After many natural disasters or emergencies, you will be able to stay in your home with your belongings and personal documents, but not always. It’s a good idea to have all of your health or personal documents in one place that can be easily taken with you in an emergency. For most of us, this shouldn’t be an issue because we have our prescriptions, health records, and medical bills available electronically. If you aren’t in this category already, take this as your reminder to opt in to electronic billing with your insurer and doctor. You should also write down the name, dosage, and prescribing doctor on the medication you take on a regular basis.

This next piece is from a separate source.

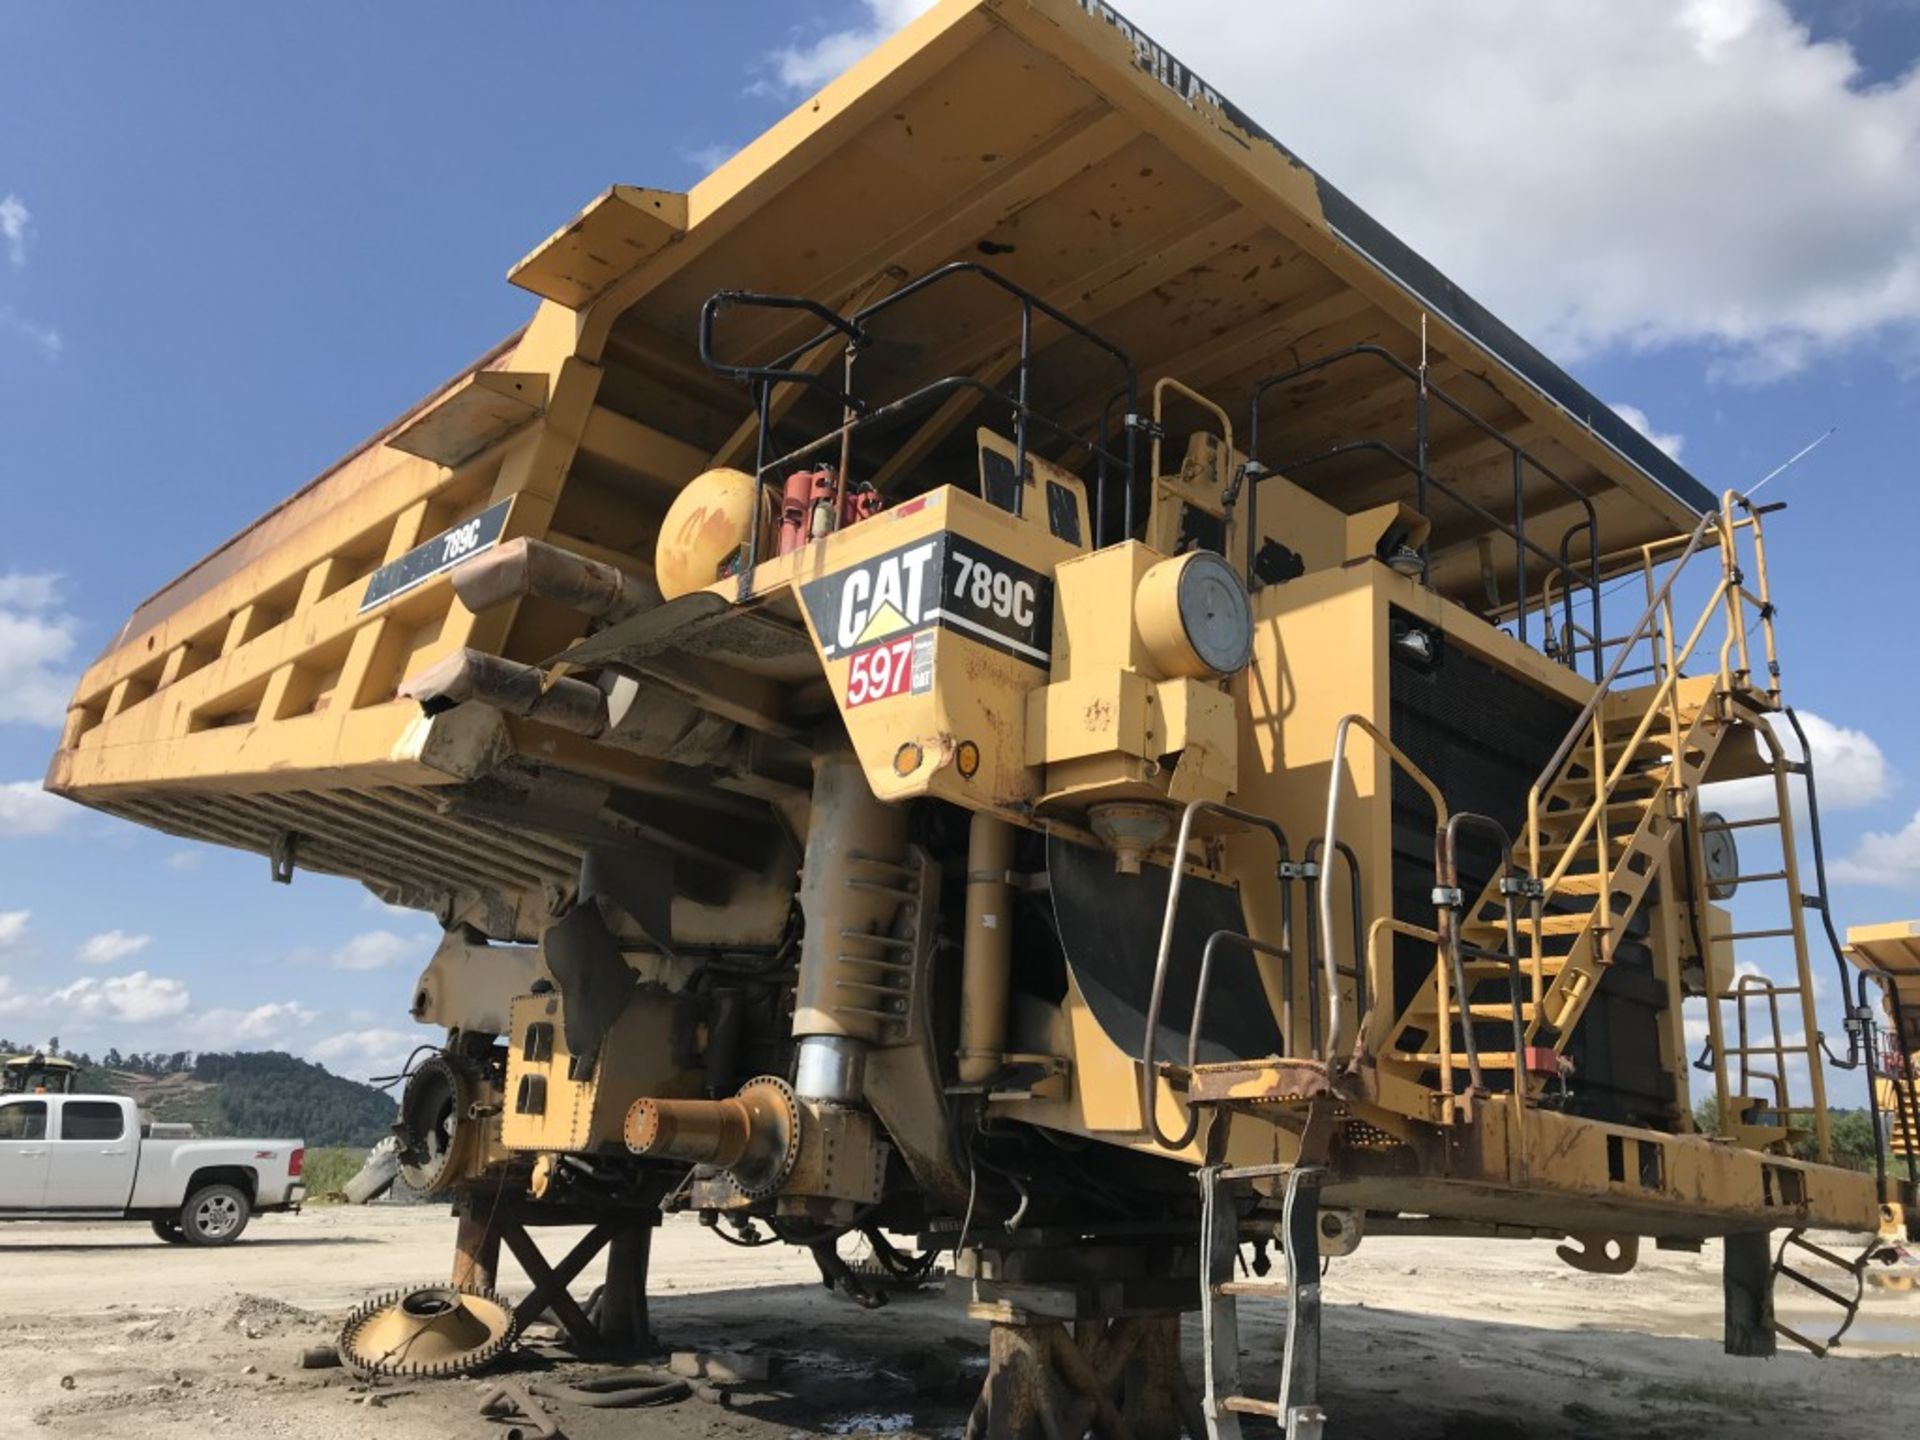 CAT 789C OFF-ROAD DUMP TRUCK FOR PARTS, S/N: CAT0789CC2BW00597, CAT V-12 DIESEL ENGINE, MISSING A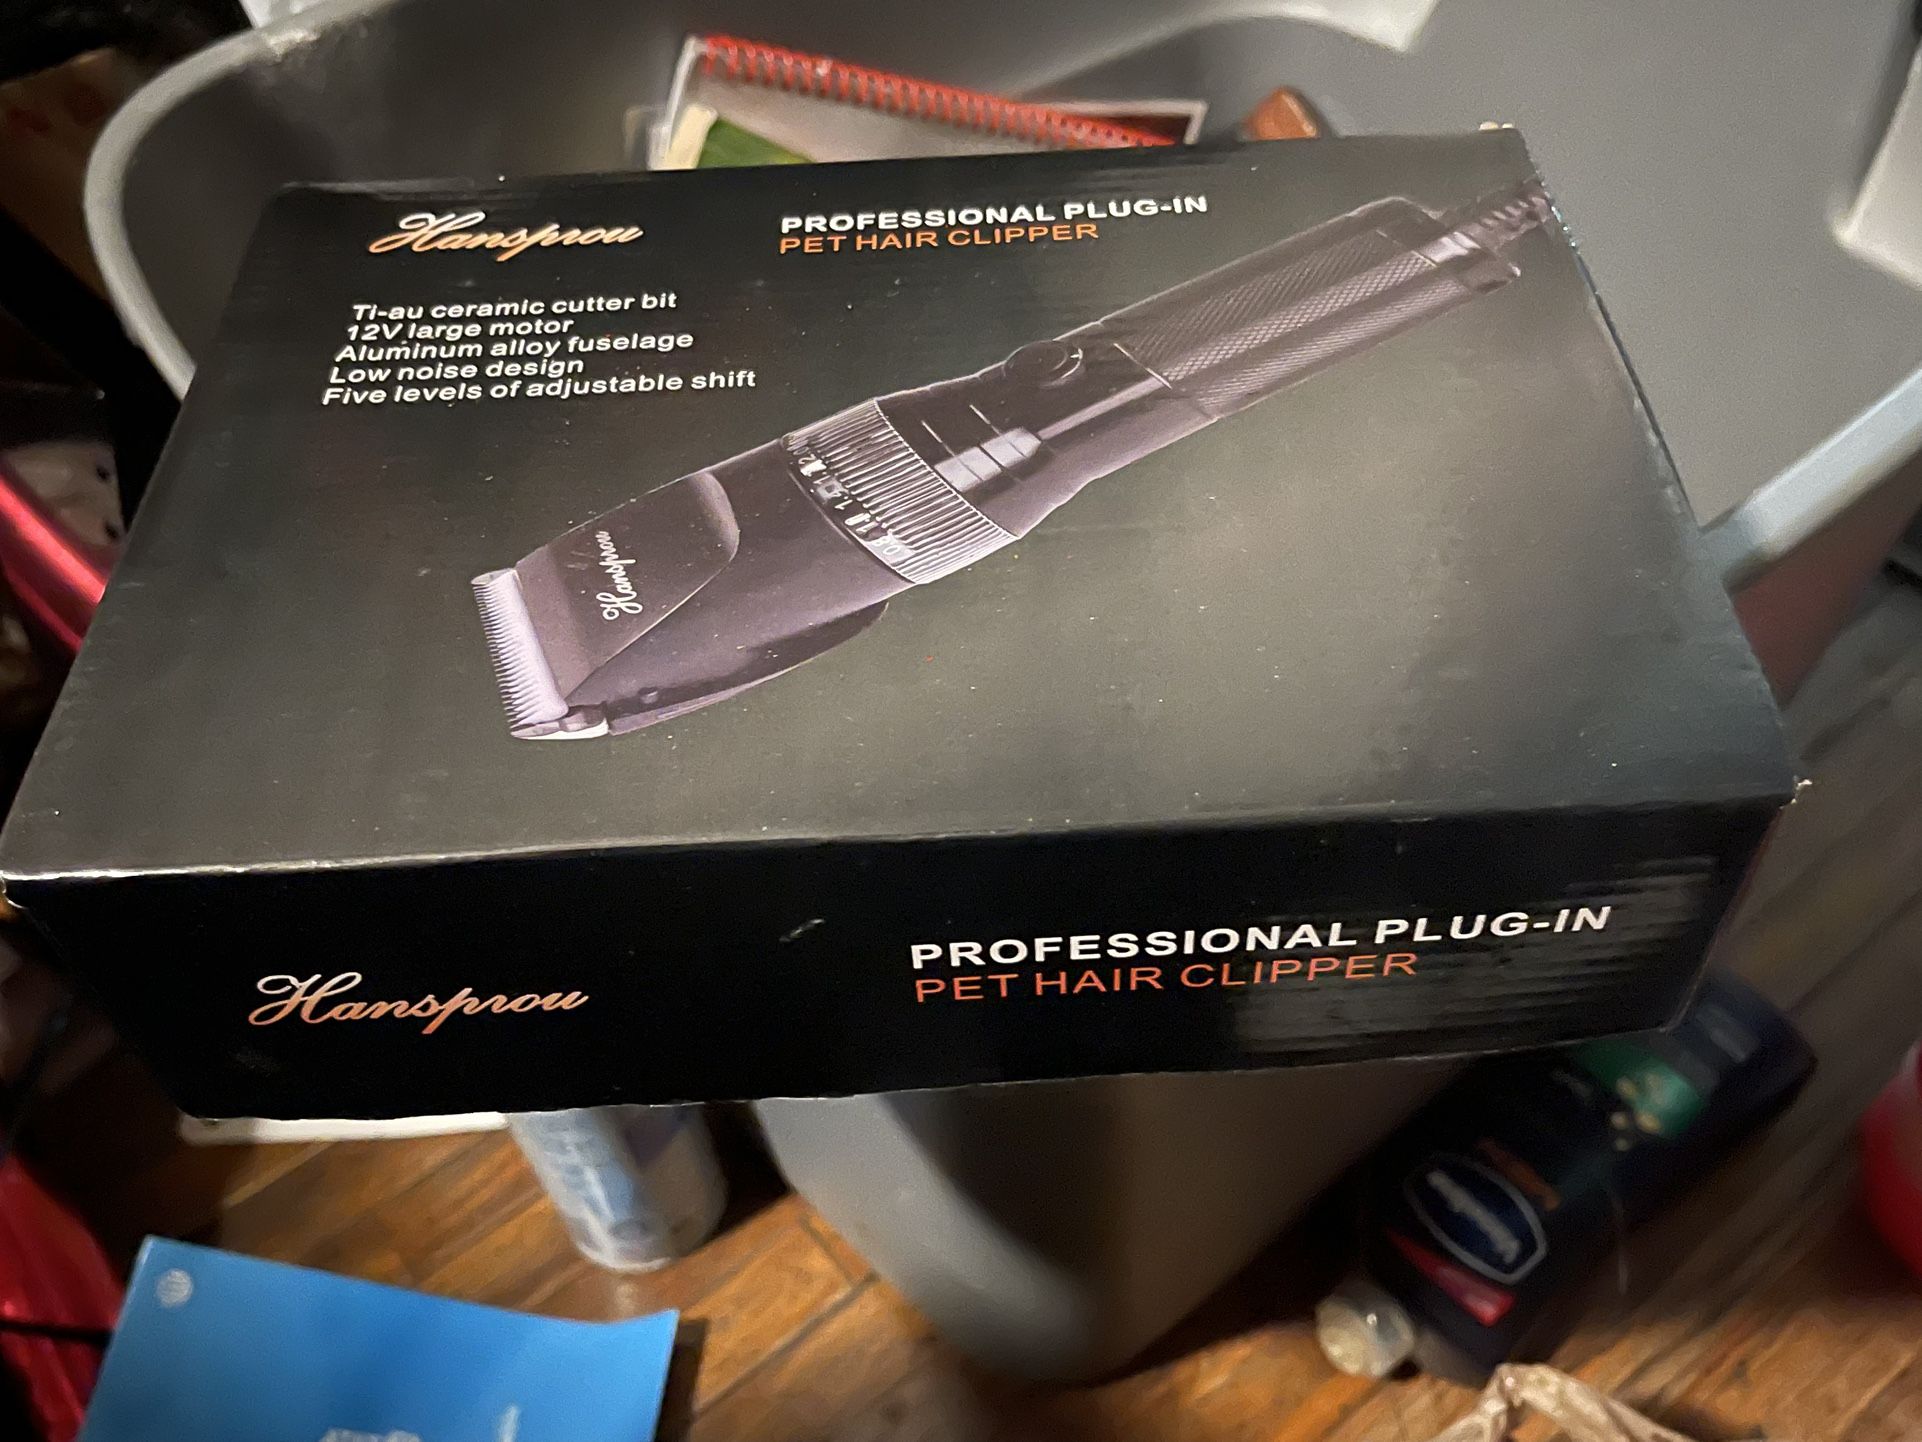 Hansprou professional, plug-in, pet hair clippers brand new

Important documents to have with you:

  • Insurance card 
  • Copies of your prescriptions
  • Name & contact information for you primary care doctor or other prescribing medical professionals (like a psychiatrist)

*If Necessary: Write down as much health information as possible. Although digital health information is critical and truly the future of our healthcare system, in an emergency you may not be able to charge your phone or access Wi-Fi. If you are expecting a serious natural disaster in your area, write all of your health related information down.

 

Take all of your medication with you

Although it may seem obvious, in an emergency you’ll likely be flustered. If you are evacuating your home, take all of your medication with you. If possible, keep all the medication in the original bottles and do not transfer to pill boxes or bags. If you need a refill for some reason during an emergency, it may be helpful to have the original bottle or box with dosage and prescribing information.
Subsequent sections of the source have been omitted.